> _Problem details_:
Only the lines from the one containing "Bella Lounge Chair" to the end of the listing below should be returned, exactly as written and without pictures.

> _Data segment_:
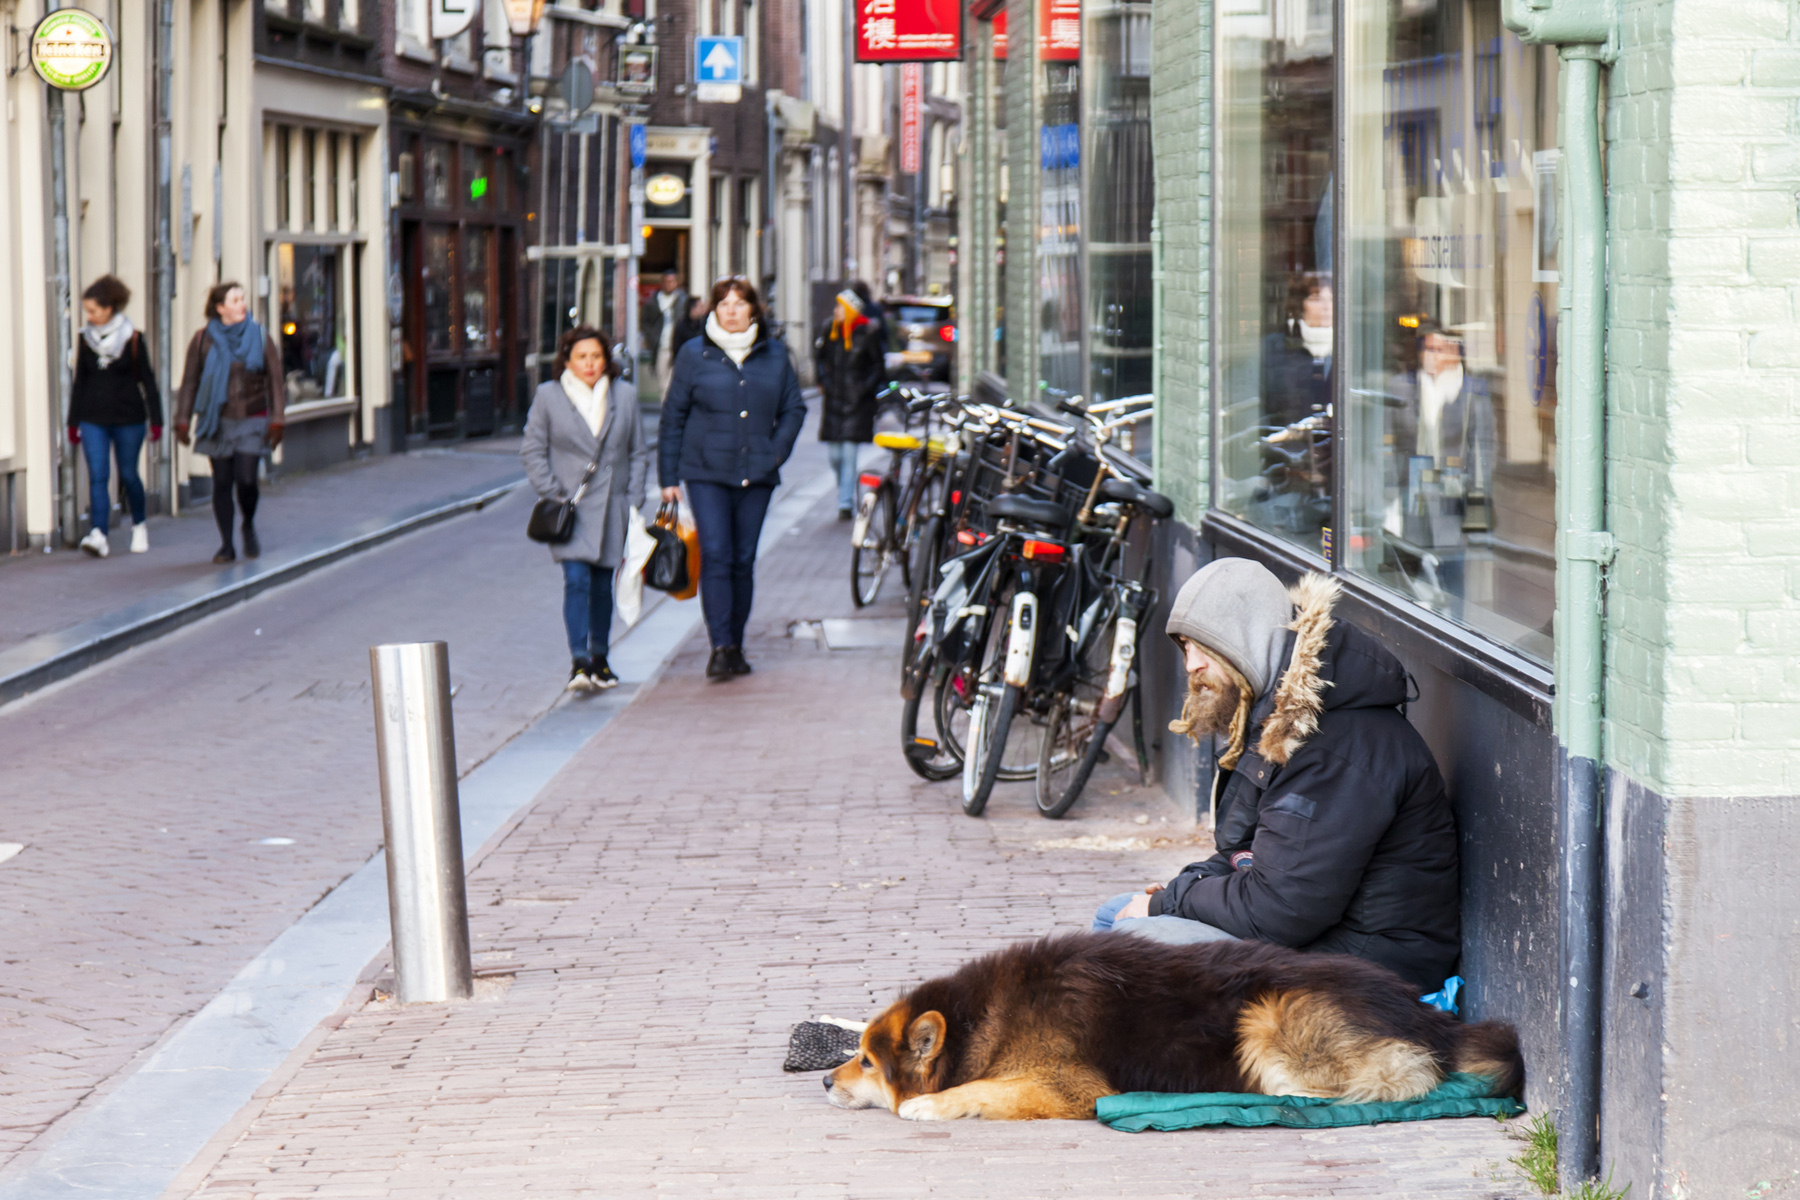 a homeless man with his dog in the street in Amsterdam
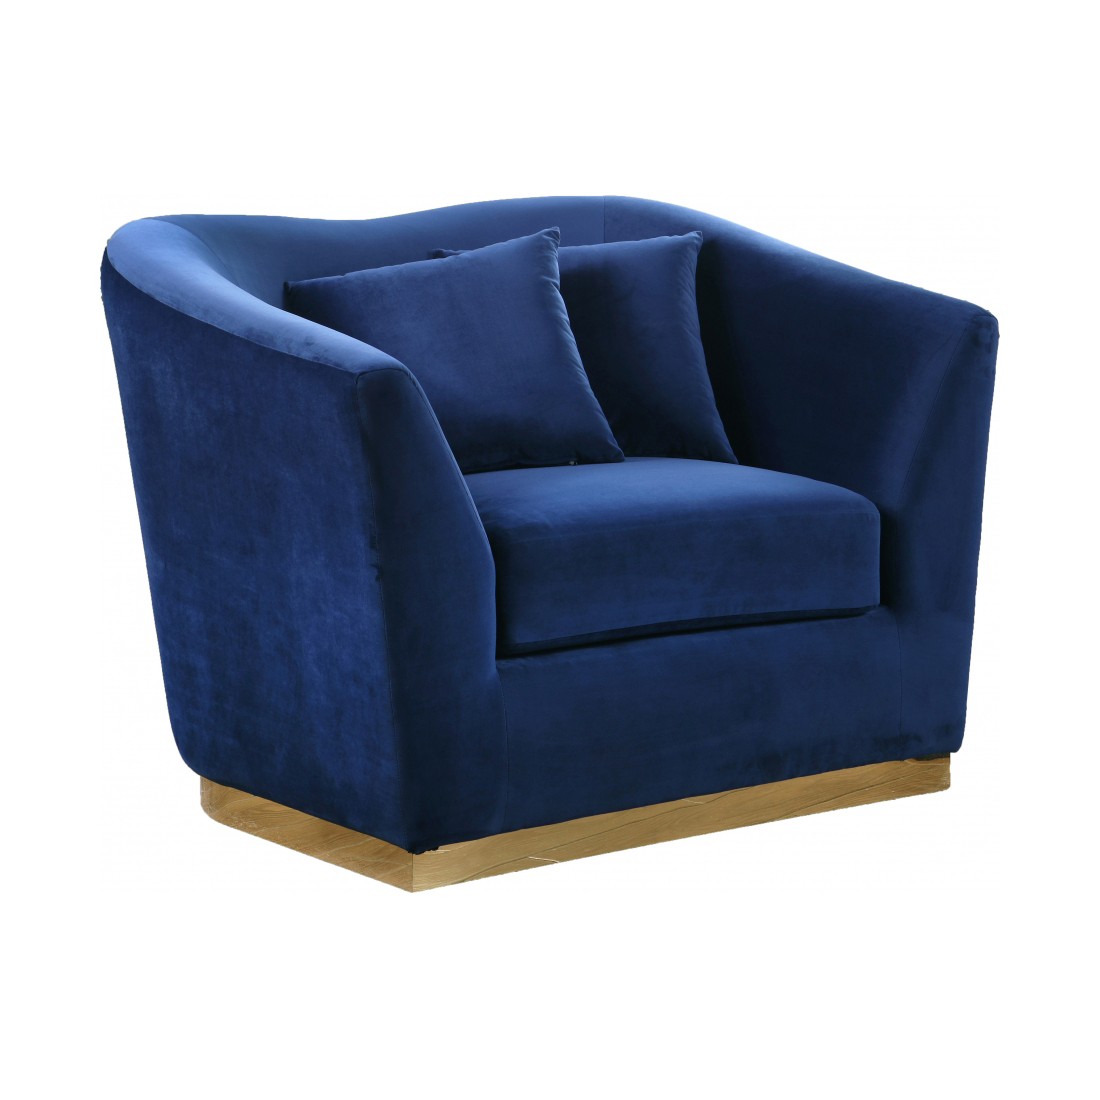 Bella Lounge Chair (Navy) | Event Trade Show Furniture Rental | FormDecor
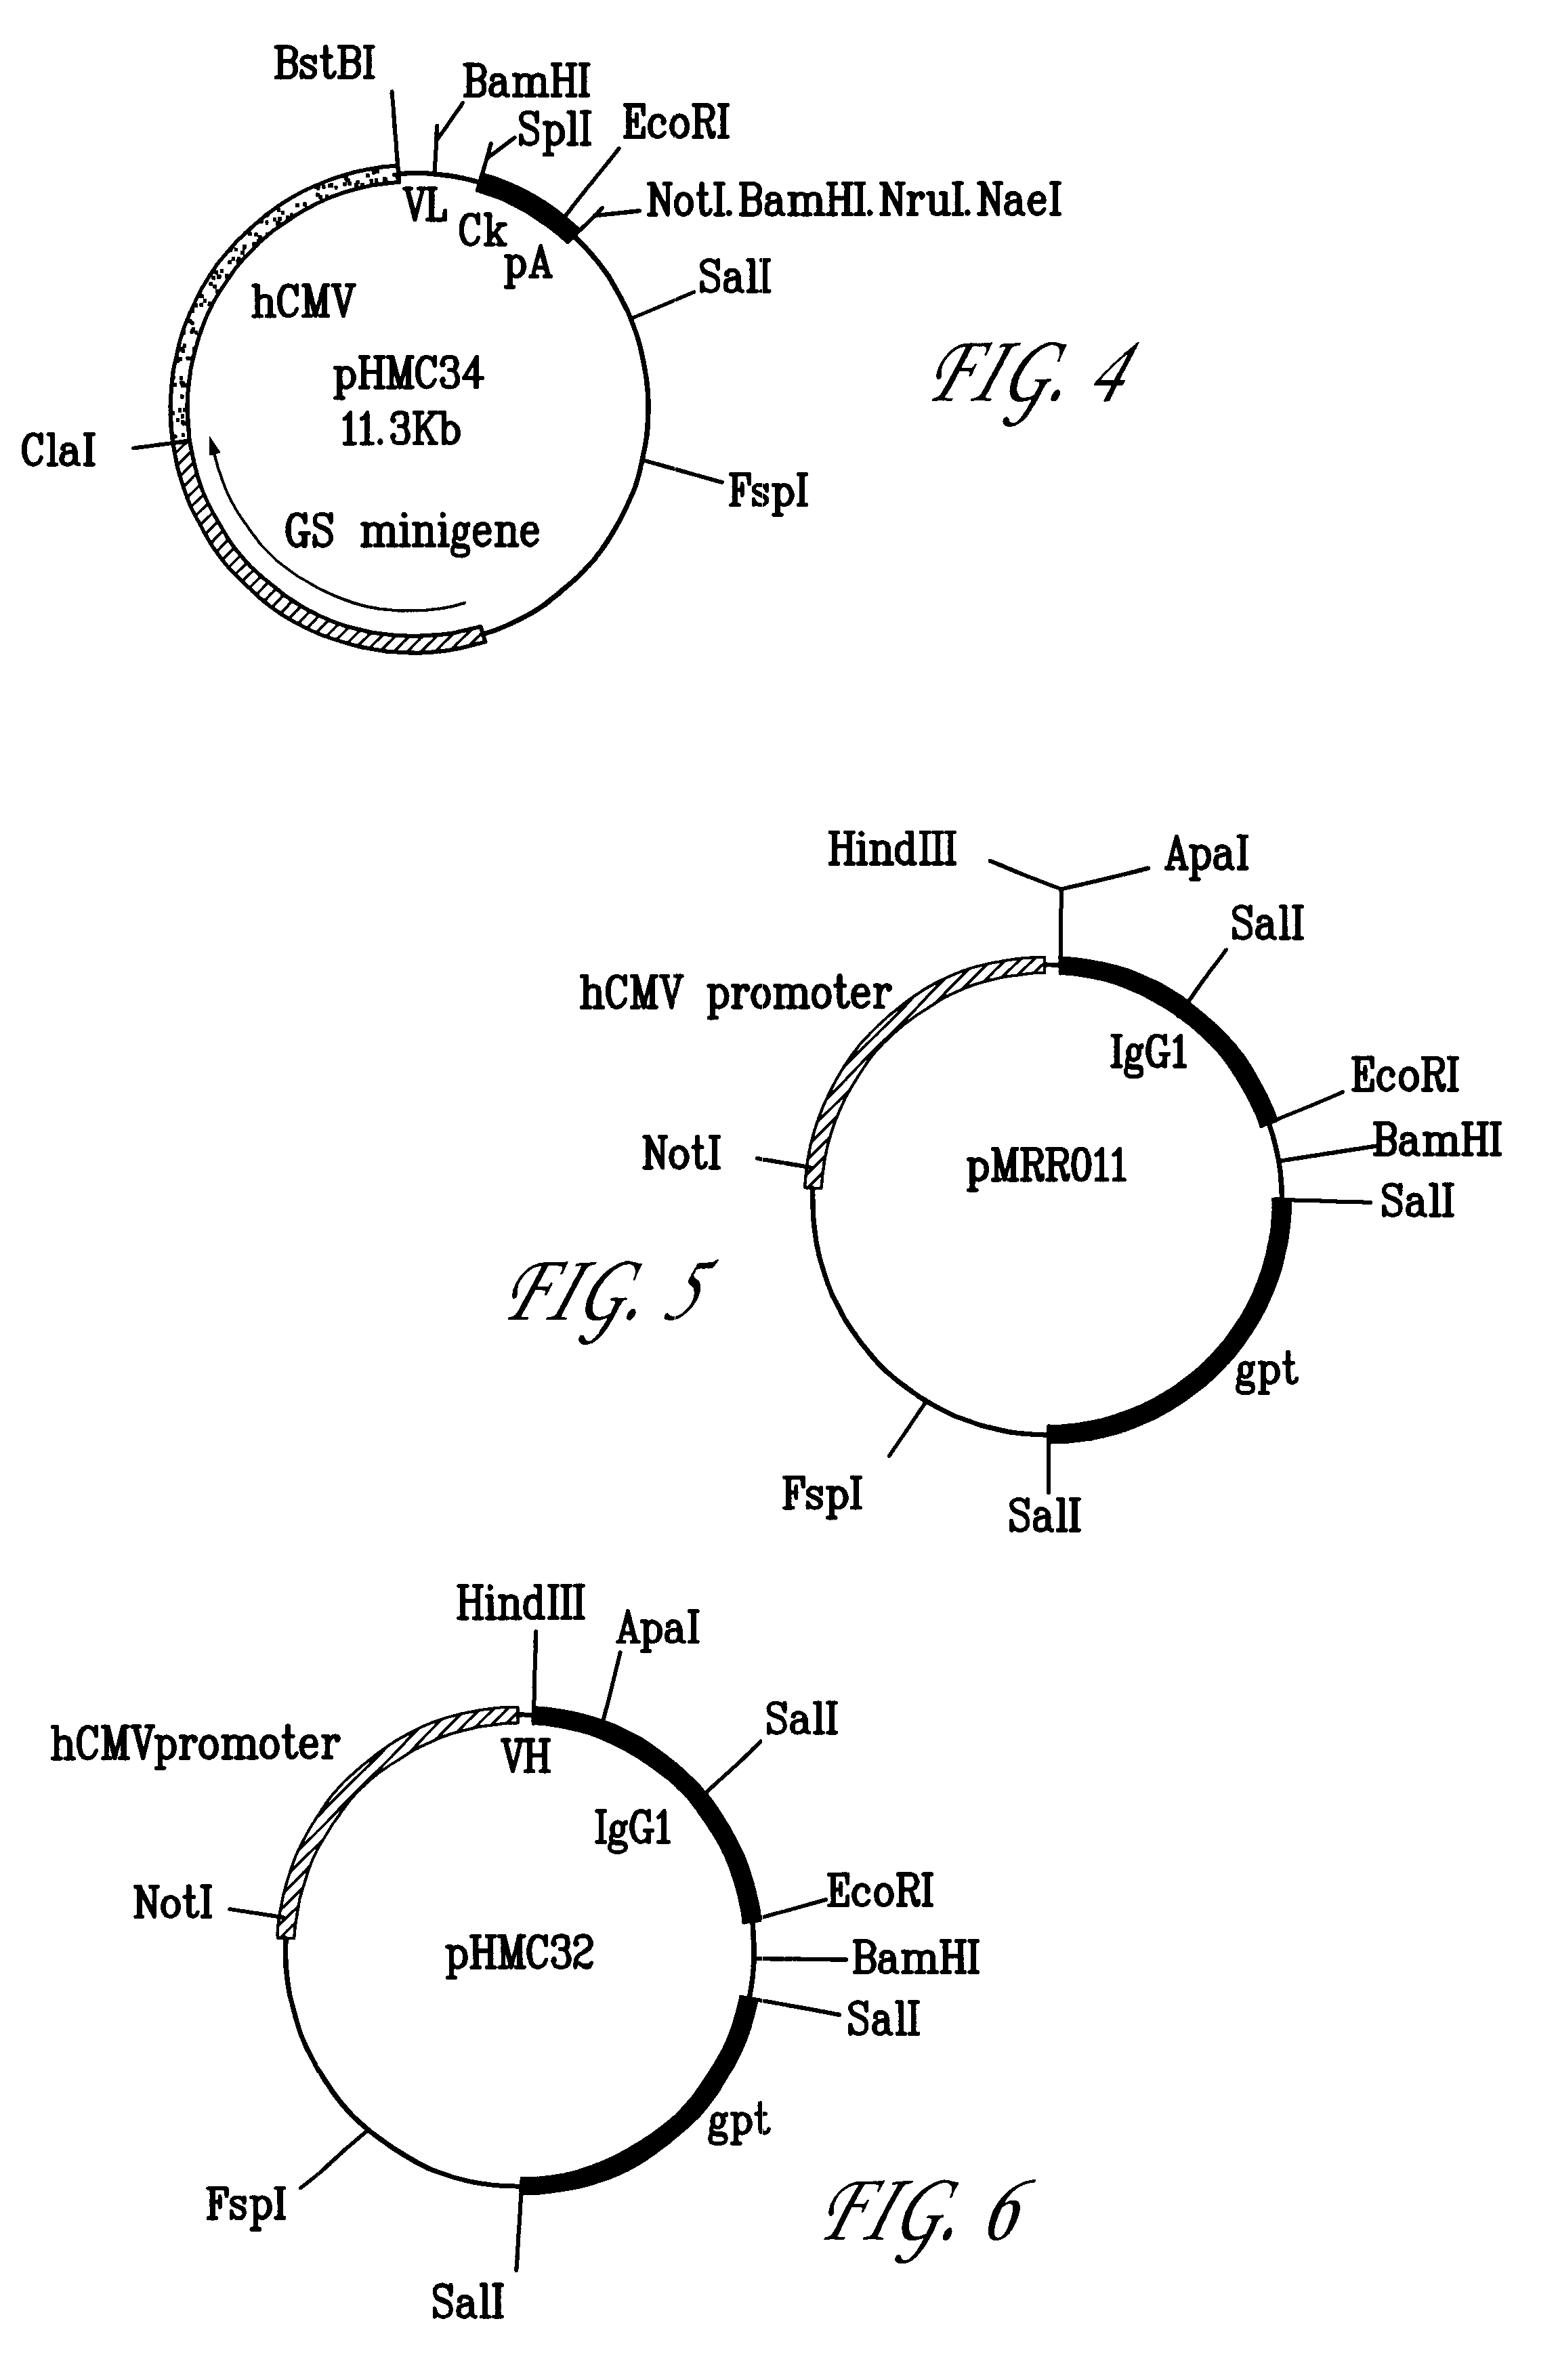 Anti-HMFG antibodies and processes for their production

> _Task response_:
 Bella Lounge Chair (Navy) | Event Trade Show Furniture Rental | FormDecor
 Anti-HMFG antibodies and processes for their production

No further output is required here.